Every now and then one of our users will uncover what we call a “show stopper”, or critical bug that immediately stops them from being able to use the service. These are the most severe sort of bug- they are the ones that lead to canceled accounts if you don’t work quickly and decisively to fix them ASAP.
Luckily, our number of show stopper bugs has been very few- I think we have had 3 or 4 total reported, and all were fixed within 24 hours. Typically when we encounter a confirmed show stopper bug that prevents a subscriber from using the service we refund their entire month of subscription fees as a way of apologizing for the inconvenience and thanking them for working with us to resolve their issue. This seems to work well, and our attrition rate on people that report errors is very low.

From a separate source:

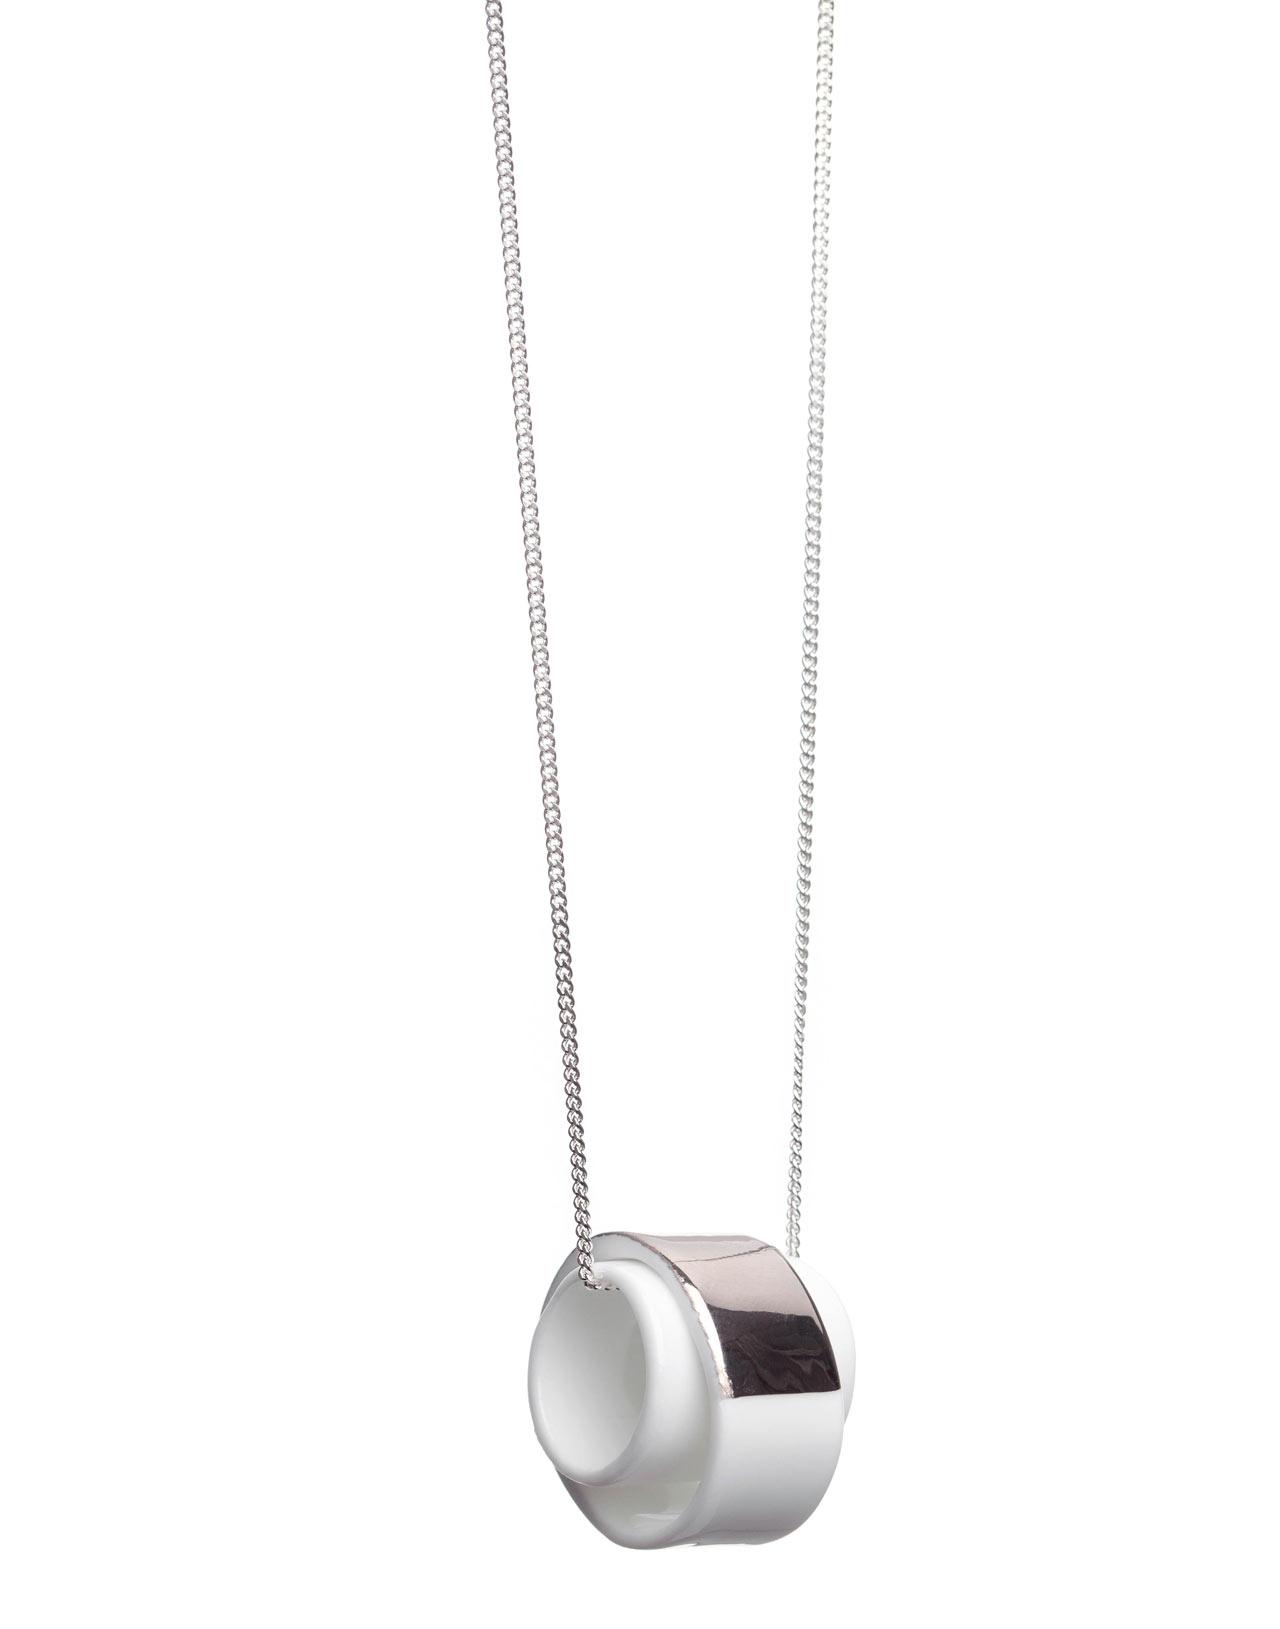 Hula_Reiko_kaneko_Fine_bone_china_jewelry_silver

Unfortunately, every now and then you get a show stopper bug that you are unable to reproduce. “The Bug From Hell” (TBFH) was one of these bugs. It involved large product uploads not being saved to the product database even after giving the user the proper feedback and letting them complete the setup process.
In Secure Delivery each product has a little icon that shows its current readiness status to be sold- most products have a green check mark under the status column (or “green light”) and are 100% good to go. If there is a problem during product creation Secure Delivery flags products with problems with a yellow exclamation point icon, or what we call a “yellow light”. This shows the user that the product is not ready to be sold and usually results from bailing out of the product creation process before entering all the required information, loss of connectivity to the Internet during product setup, etc.

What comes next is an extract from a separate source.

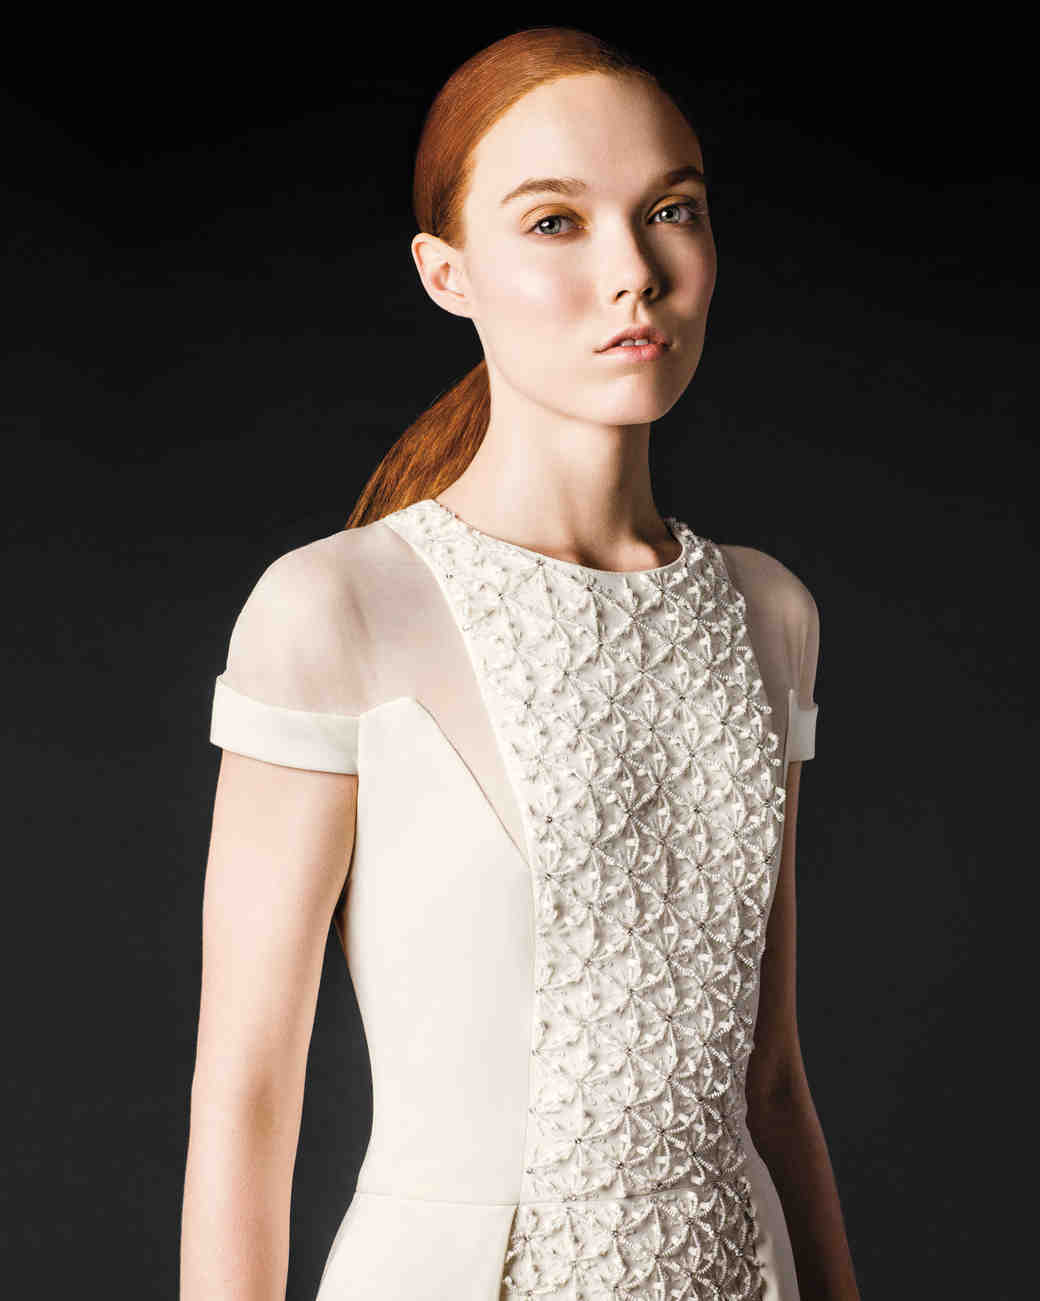 fashion-img-08-d112353.jpg

Well, TBFH was not saving the uploads and causing a “yellow light” to show up for that product’s status. Let me tell you, the most maddening thing a customer can ever see after uploading their big ass product for 30 minutes is a yellow light when they think they are done.
TBFH only affected the 0.3% of our users who uploaded big products, and it was completely random at that. Sometimes everything worked great (we have 700MB ISO files successfully stored in our database), and sometimes it would just grind the server to a halt. By big uploads I mean in excess of 90MB when our average product size is somewhere around 12MB. Unfortunately, that 0.3% were also paying customers, so it usually resulted in someone paying for Secure Delivery getting peeved (free accounts are limited to 50MB products, so they could never experience the error).
The worst thing about TBFH was that we knew it existed, but we were unable to reproduce (and fix) it until now. Long story short, last night we were able to successfully identify the cause of the bug and fix it after a subscriber reported the issue to us. After identifying the issue we were able to tweak a couple files and we have been busy testing the fix this morning. Shortly we will push the bug fix to production and update the customer on it’s status (we don’t typically push updates at night- we like to be awake if something breaks).
On the plus side, the tweak made to correct The Bug From Hell will improve overall performance for everyone. It’s not often that there is something wrong that we can’t fix with Secure Delivery, even if it affects only a small minority of our users. I’ve actually lost sleep over this one, so let me tell you- after testing the fix last night I slept like a baby :)
In an hour or so TBFH will be history and I feel great!


Woohoo! That’s great to hear :D I’ve always loved a happy ending…
Hi Jason,
It’s been a while! I love the pic you used for the article… very fitting! Glad to hear that you got the bug fixed and saved the day! Talk to you soon,
Luc